• TASK STATEMENT:
Omitting all images, transcribe the listing word for word.

• DATASET SECTION:
□ □ □

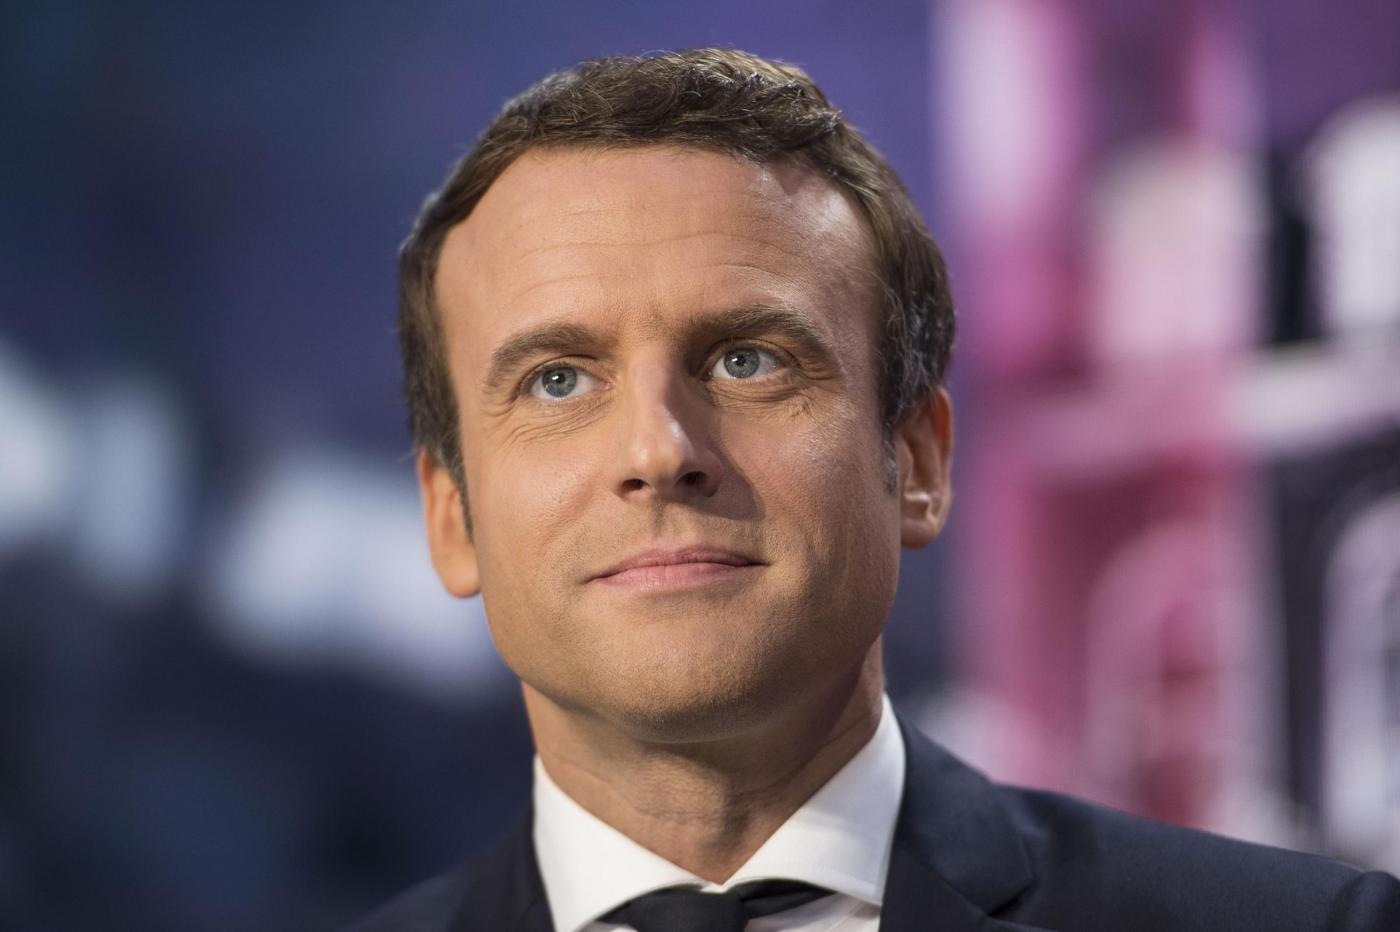 Emmanuel Macron, la biografia: chi è il nuovo presidente della Francia
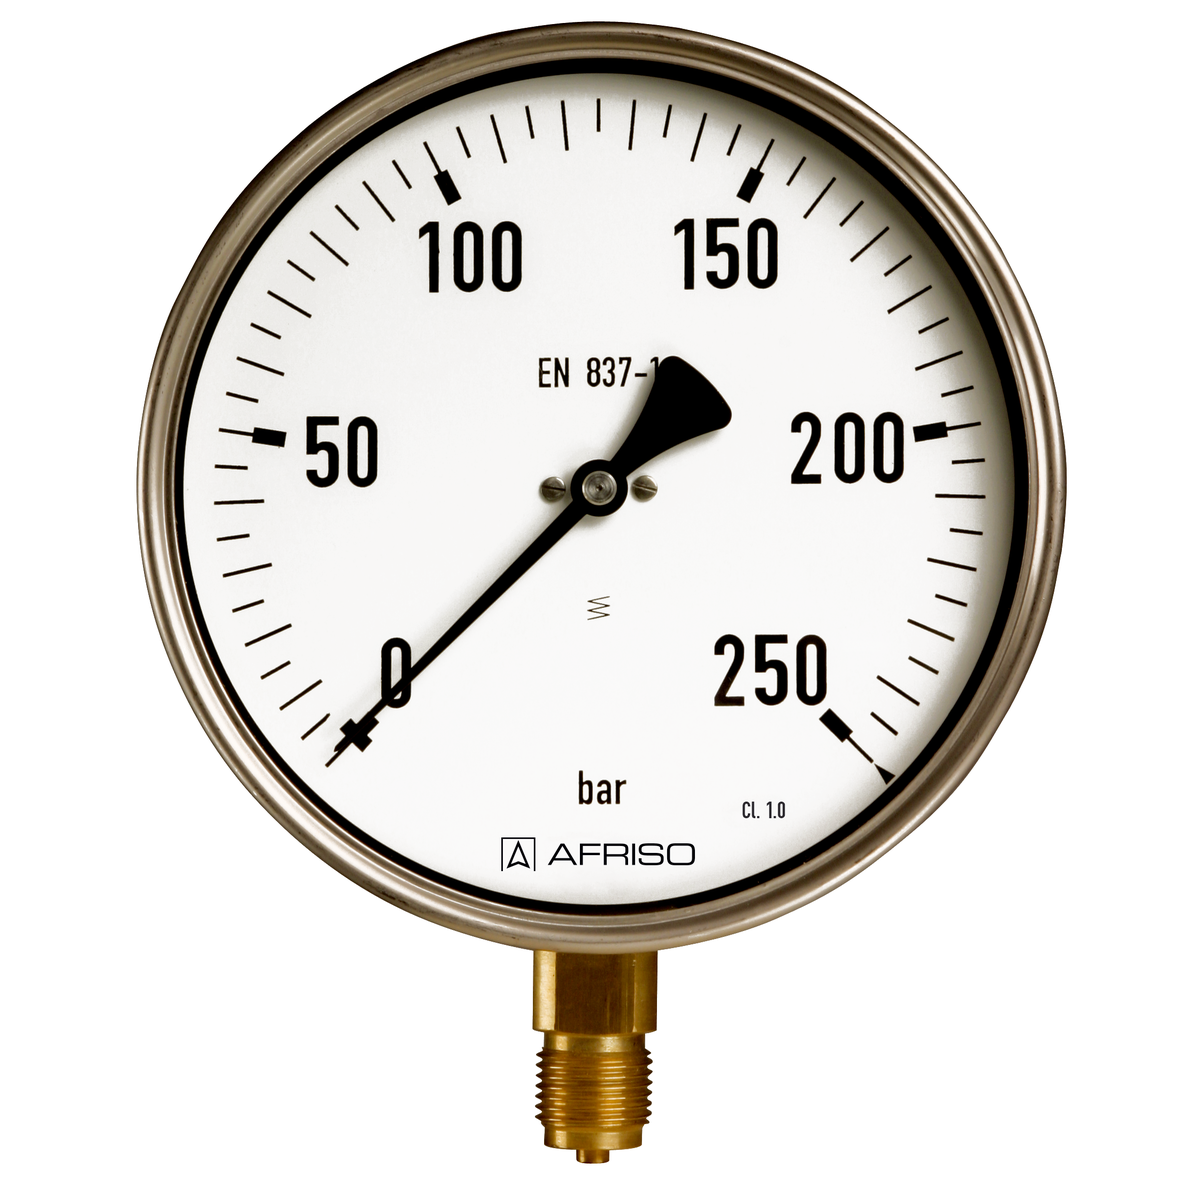 2100-T, 2160-T Industrimanometer
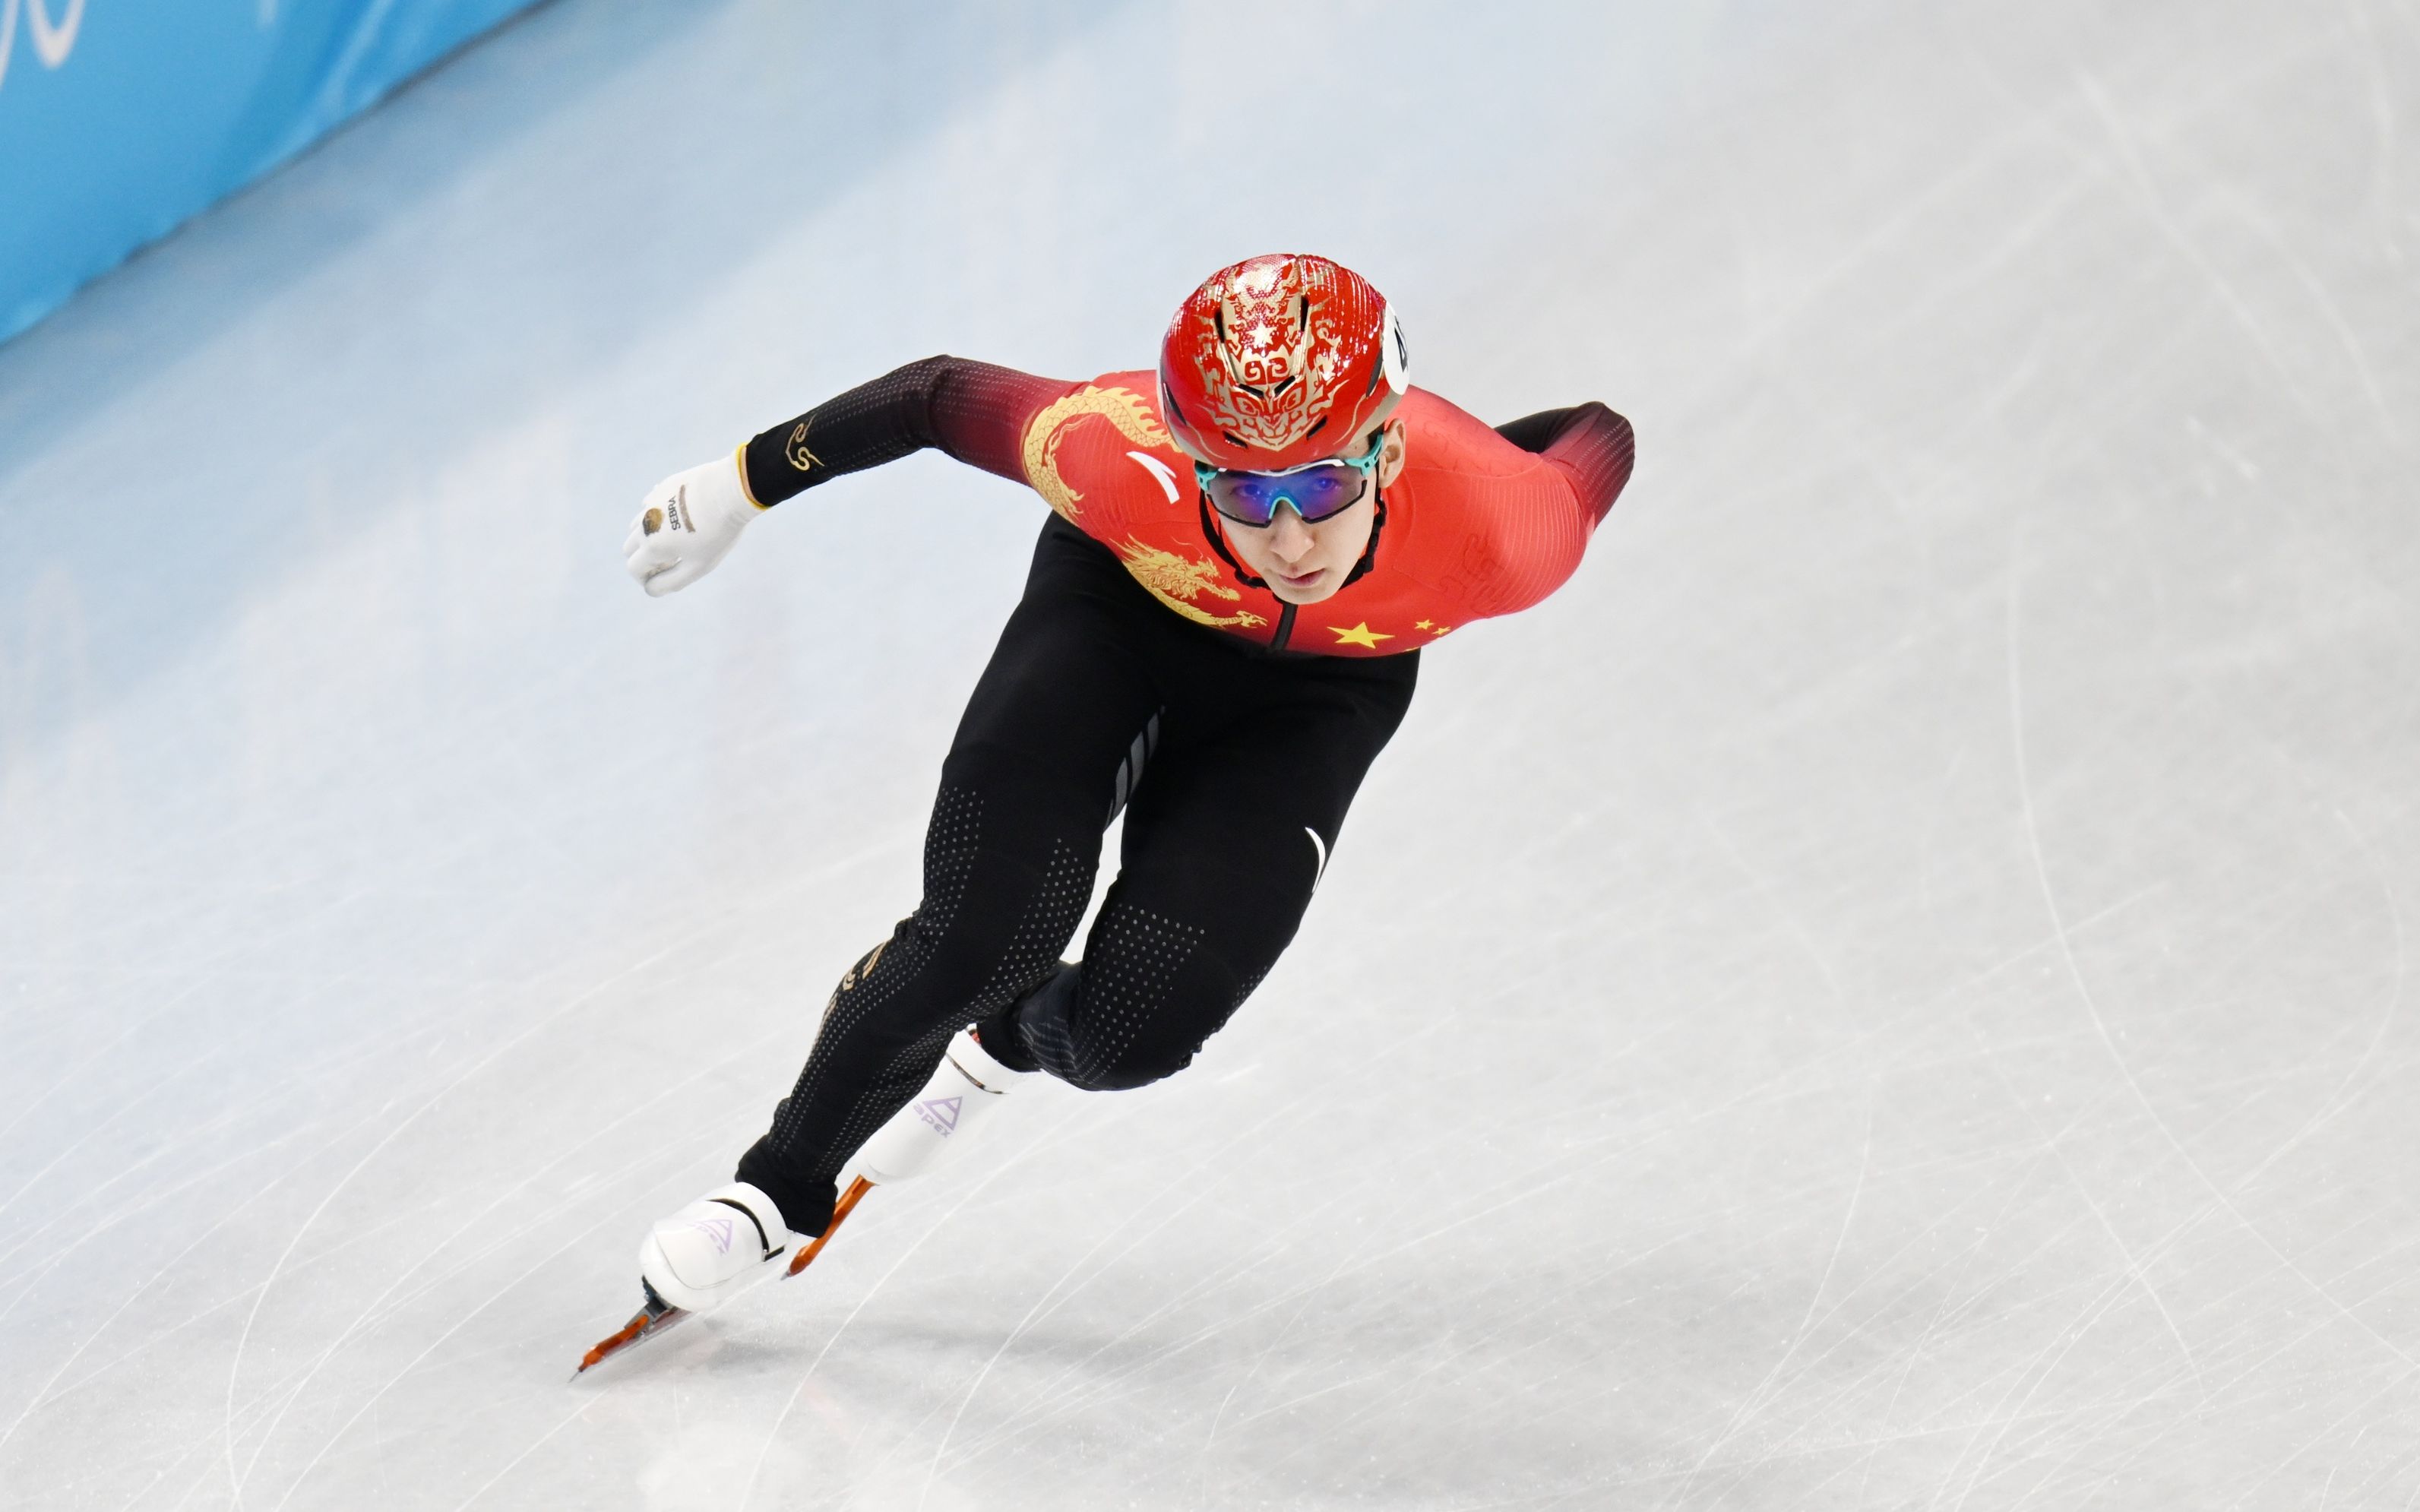 中国短道速滑冠军图片

□ □ □

• RESPONSE:
 Emmanuel Macron, la biografia: chi è il nuovo presidente della Francia
 2100-T, 2160-T Industrimanometer
 中国短道速滑冠军图片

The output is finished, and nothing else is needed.